Coal phase out is sheduled for around 2040, if todays speed of coal phase out goes on it looks like it might be phased out sometimes between 2035 and 2040. Nobody intends to build any new coal capacity in germany, so to assume new coal capacity fo fuel a overnight change to BEV of all cars in 2030 fueld by coal plants is nothing more than a fairy tale, far far away from any reality.
Jon says
Hi Denes
Following up on previous comments to your article.
1. The proposal is on a phase out of combustion engine cars. Not gasoline cars as stated in the article and definitely not on all combustion engine cars on the road. There is an important difference in electrifying 3 mill yearly car sales vs. turning over a car fleet of 45 mill cars.
2. You say that “..German vehicles burn 572 TWh worth of liquid fuels per year”. This number is equivalent to 49 mtoe which, according to Eurostat, is Germany’s energy consumption in the road transport sector, i.e. including all trucks, buses, motorbikes etc.
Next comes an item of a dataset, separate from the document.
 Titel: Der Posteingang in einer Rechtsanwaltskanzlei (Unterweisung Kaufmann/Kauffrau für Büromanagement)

This means that you are not only calculating the electricity need of electrifying all cars on the road, but you are also including heavy duty vehicles on the road which easily doubles the energy need compared to only light duty vehicles.
If this is just a thought experiment to look at the electricity need of electrifying new car sales by 2030 you could do the following:
Total new car sales around 3 mill per year means that the accumulated electric cars on the road would probably not surpass 9 mill by 2030. Assuming 15 000 km travelled per year and 24 kWh per 100 km travelled (EPA rating for a Tesla model S) I get a yearly electricity demand of 32 TWh.
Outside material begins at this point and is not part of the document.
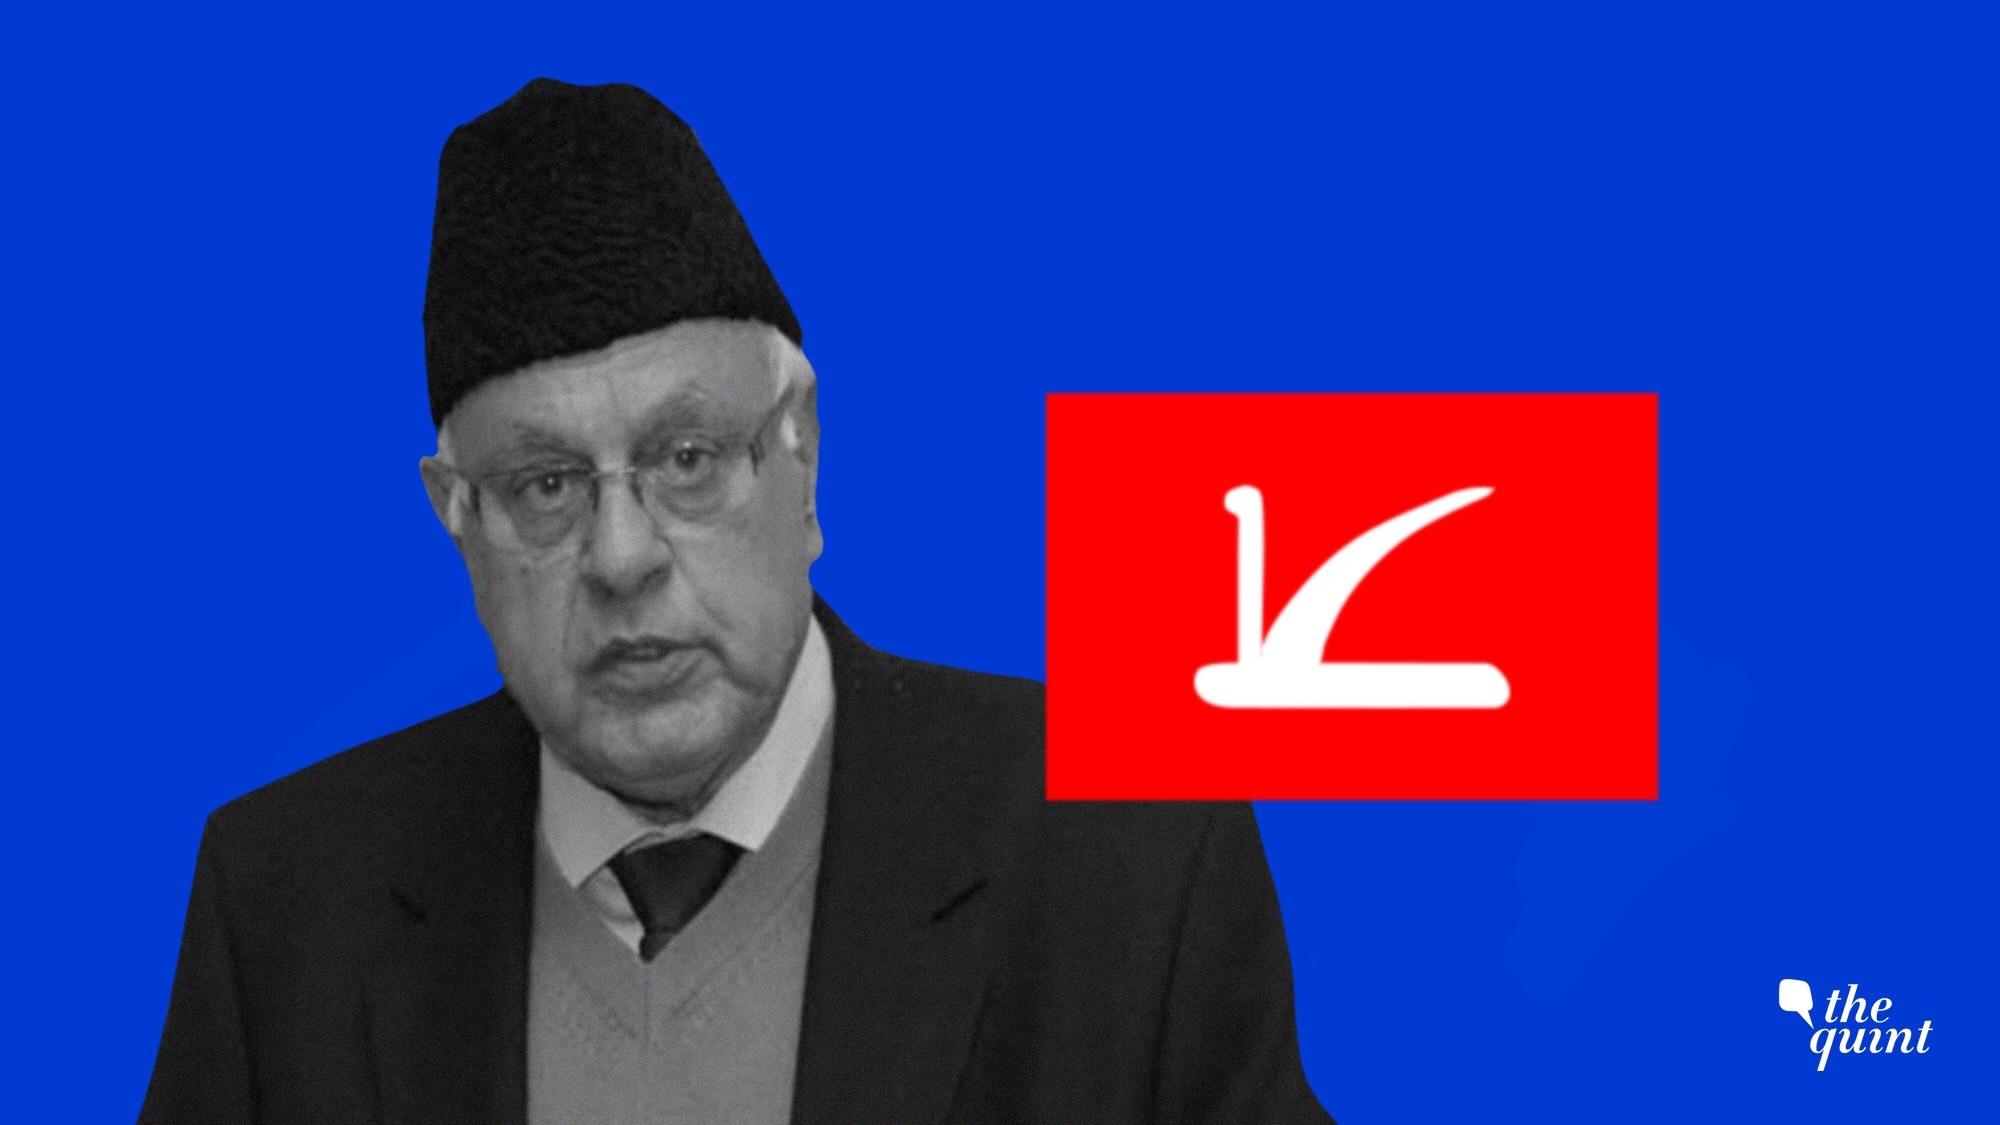 Kashmir Valley Votes Against BJP As Hindu-Muslim Divide Deepens

This is is less than Germany’s solar power production in 2015 (39 TWh).
Nigel West says
Around 250TWh of electricity to run a fully electrified transport system would require a massive increase in the size of Germany’s electricity transmission and distribution infrastructure. The infrastructure currently handles about 600TWh/year but is already ‘creaking’ under the strain of trying to cope with existing renewables.
Hugh Sharman says
German EV sales in 2016 were 27,404 (http://ev-sales.blogspot.dk/2017/01/germany-december-2016.html)
Germany’s total car sales in 2016, were 3,351,607, (http://www.best-selling-cars.com/germany/2016-full-year-germany-best-selling-car-manufacturers-brands/)
Some reports say EV sales are falling)
So if these sources are correct (I am not a car expert), EV sales constitute less than 1% of Germany’s 2016 market, despite massive political support for EV development in Germany. Rather, it seems that Germans are voting for fossil-fueled cars with their wallets. And woe betide any German Government, of whatever persuasion, to come between a German and his/her choice of car.
Andreas Graf says
I would point out that the “analysis published in Nature” is a reader correspondence of three short paragraphs, not a peer reviewed journal article. Moreover, the premise of the article is, don’t cap decarbonization through renewables and increase electricity demand. And yet, instead of saying lift the cap, the argument is do/and assume anything but. I’m a bit speechless…
Hans says
A more appropriate title for the article is:
Germany should accelerate RE growth to enable ICE car phase out.
Alkè says
The fact that Germany is planning to reduce the amount of gas emission is a good thing! But how? Electric cars are greener than traditional ones, but at the same time the manufacturing process is not so ecologic. We hope Germany will figure out a solution soon!